Interestingly, the effect of a 2-aminopurine at −11 in duplex promoter DNA depends on the particular promoter context. In one experiment using the natural Pgal promoters, which have less than ideal promoter elements, this substitution completely inhibited strand separation (Lim et al. 2001), while in another study using an ideal promoter (a perfect −35 element, a TGn motif, and a perfect −10 element) strand separation was unaffected (Tsujikawa et al. 2002). It has been proposed that a flipping out of the −11 A nucleates strand separation, which then propagates downstream (Helmann and Chamberlin, 1988; Helmann and deHaseth, 1999; Young et al. 2004). In this model, polymerase could facilitate the flip or capture the −11 A after the flip. Thus, the ability of polymerase to engage in this process when a 2-aminopurine is present at position −11 may be influenced by the strength of the polymerase interactions with other promoter elements.
Clusters of aromatic residues can signify a ss DNA or RNA binding motif (Bochkarev et al. 1995; Burd and Dreyfuss, 1994; Helmann and Chamberlin, 1988; Shamoo et al. 1995). Structural analysis of σ70 region 2 (Malhotra et al. 1996) suggested that several aromatic residues lying along an α-helix face in region 2.3 might interact with ss DNA in the transcription bubble. Multiple alanine substitutions at Y425, F427, Y430, W433, and/or W434 in various combinations render polymerase significantly impaired in open, but not closed, complex formation at the lambda promoters PR and PRM (Cook and deHaseth, 2007; Panaghie et al. 2000). Earlier work has shown that substitutions at corresponding residues within region 2.3 of the primary σ of B. subtilis are defective for binding to an oligonucleotide containing the nontemplate −10 sequence (Juang and Helmann, 1994). However, it should be noted that despite the extensive analyses indicating that the −11ATAAT−7 sequence is highly conserved, that the −11 A appears to be crucial for starting the process of strand separation, and that various aromatic residues in region 2.3 are important for ss DNA binding and polymerase function, definitive residue/base interactions have not been identified [(Fenton and Gralla, 2003; Schroeder et al. 2007) and references therein].
Studies have indicated that nucleotides downstream of the −10 element are contacted by polymerase, and the role of σ70 region 1.2 in these interactions has been demonstrated (Feklistov et al. 2006; Haugen et al. 2006; Zenkin et al. 2007). At the ribosomal promoter rrnBP1, RPo is unstable, and this short half-life is a crucial factor in transcriptional regulation in response to growth conditions and nutrient availability (Paul et al. 2004). Experiments investigating this instability have revealed that the nucleotide on the nontemplate strand at position −5 can directly interact with σ70 region 1.2, stabilizing RPo (Haugen et al. 2006) (Fig. 1A). The identity of the nontemplate base two bases downstream of the −10 element (−5 at most promoters, but −7 at rrnBP1) is crucial in determining RPo half-life. For example, changing the nontemplate −5 nucleotide from a C to a G results in a dramatic increase in half-life at rrnBP1. Conversely, substituting the base at −5 for a C at other promoters (Pgal, λPR, λPL) significantly reduces RPo half-life. The −5G was shown to crosslink to σ70 region 1.2, indicating a direct contact between this region and downstream DNA. Interestingly, the crosslink between region 1.2 and the −5 base was strongest when the σ70 region 1.1 was missing. This result suggests that either region 1.1 blocks access to the crosslinking site, or that in the absence of region 1.1 the contact between region 1.2 and −5G is longer lived. The latter interpretation implies that the region 1.2/DNA interaction is transient and may be modulated by the movement of 1.1.

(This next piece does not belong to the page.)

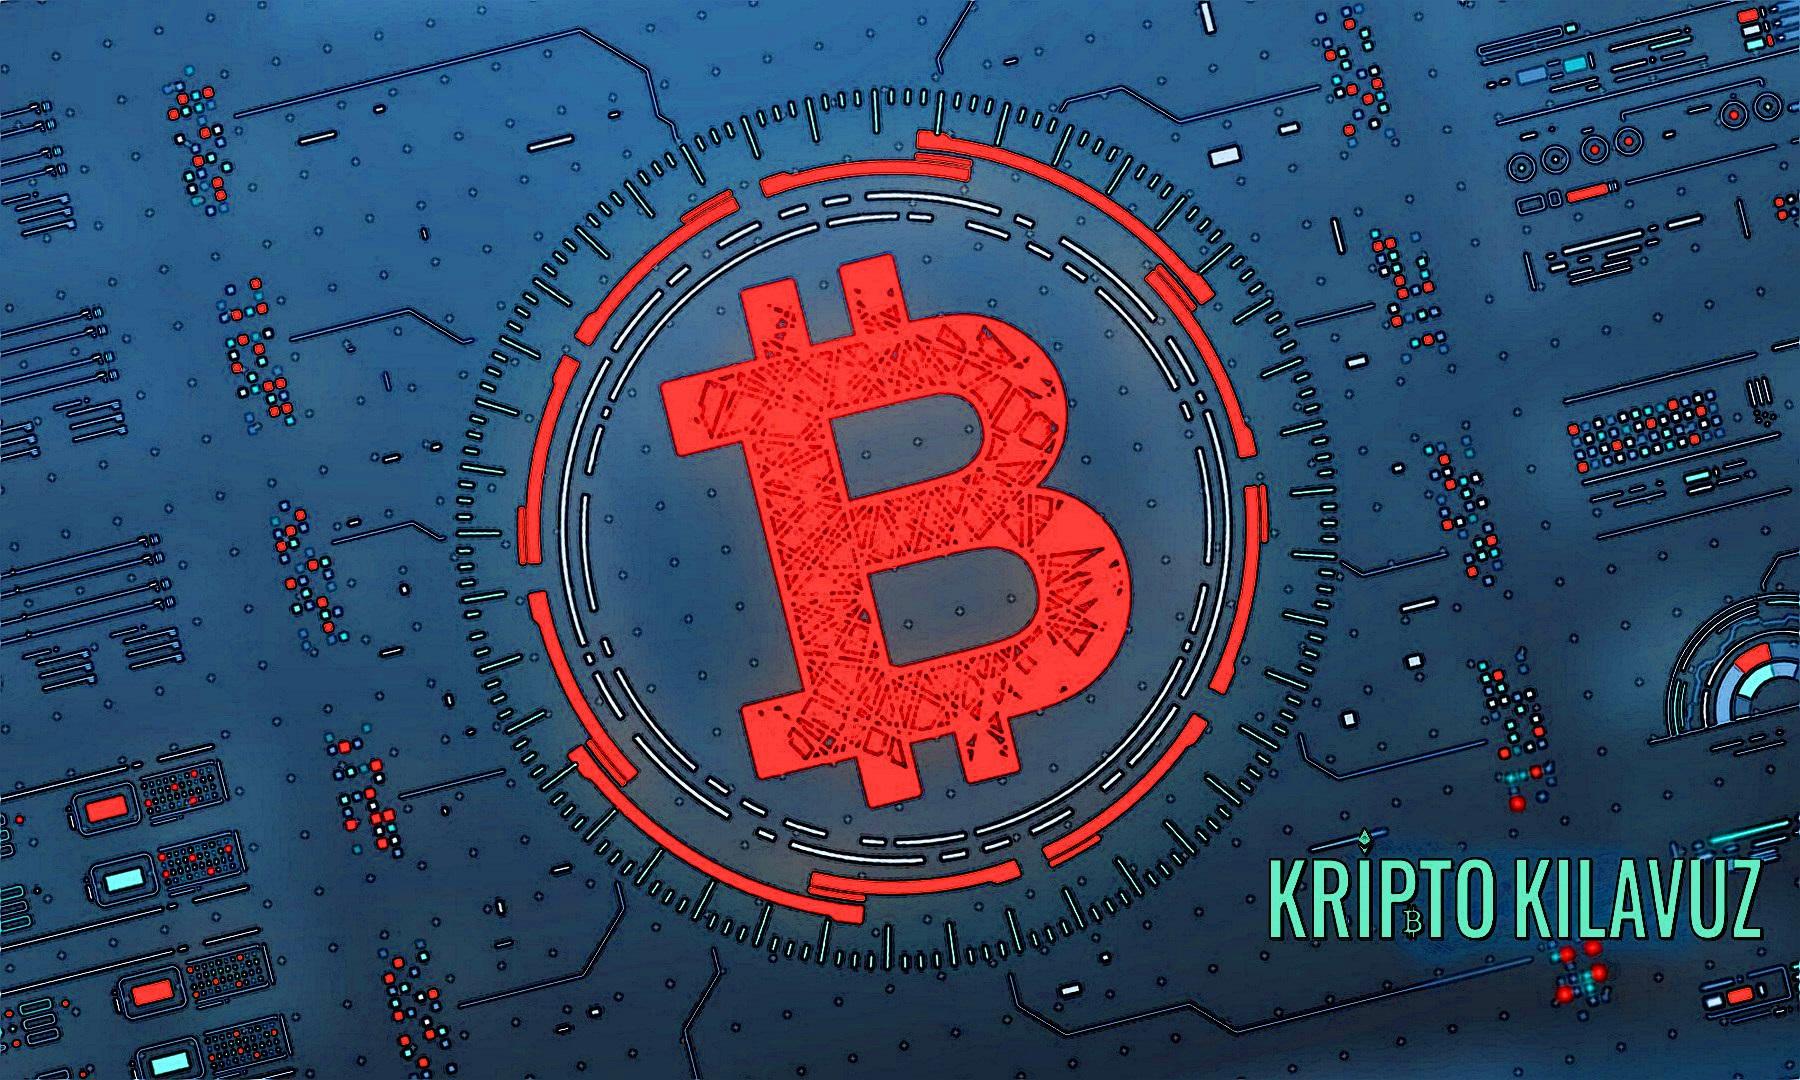 Kore Borsaları Bitcoin'i Artık Dünya Fiyatlarından Daha Ucuz

The strength of the region 1.2/−5 nucleotide interaction appears to play an important role in determining the inherent stability of RPo. The complex half-life can then be further influenced by cellular factors, such as NTP concentration, the small effector molecule ppGpp, and the protein factor DksA (Gralla, 2005; Rutherford et al. 2007). Thus, the half-life of RPo can be a major determinant of transcriptional activity and is the central conveyor of regulation at rrnBP1.
In addition to the sequence determinants, RNA polymerase also has specific spacer length requirements for promoter recognition. An early analysis (Hawley and McClure, 1983) of 112 characterized bacterial and phage promoters found that 50% had a spacer of 17 bp, while 20% had a spacer of 16 bp and another 20% had a spacer of 18 bp. A more recent analysis indicated that in E. coli 44% of promoters have a spacer length of 17 bp, although promoters with a TGn motif are more likely to have a spacer of 18 or more bp (Mitchell et al. 2003). It is well established that promoters with a 17 bp spacer yield higher levels of transcription than otherwise identical promoters that have spacers of 16 or 18 bp (Aoyama et al. 1983; Mulligan et al. 1985; Stefano and Gralla, 1982).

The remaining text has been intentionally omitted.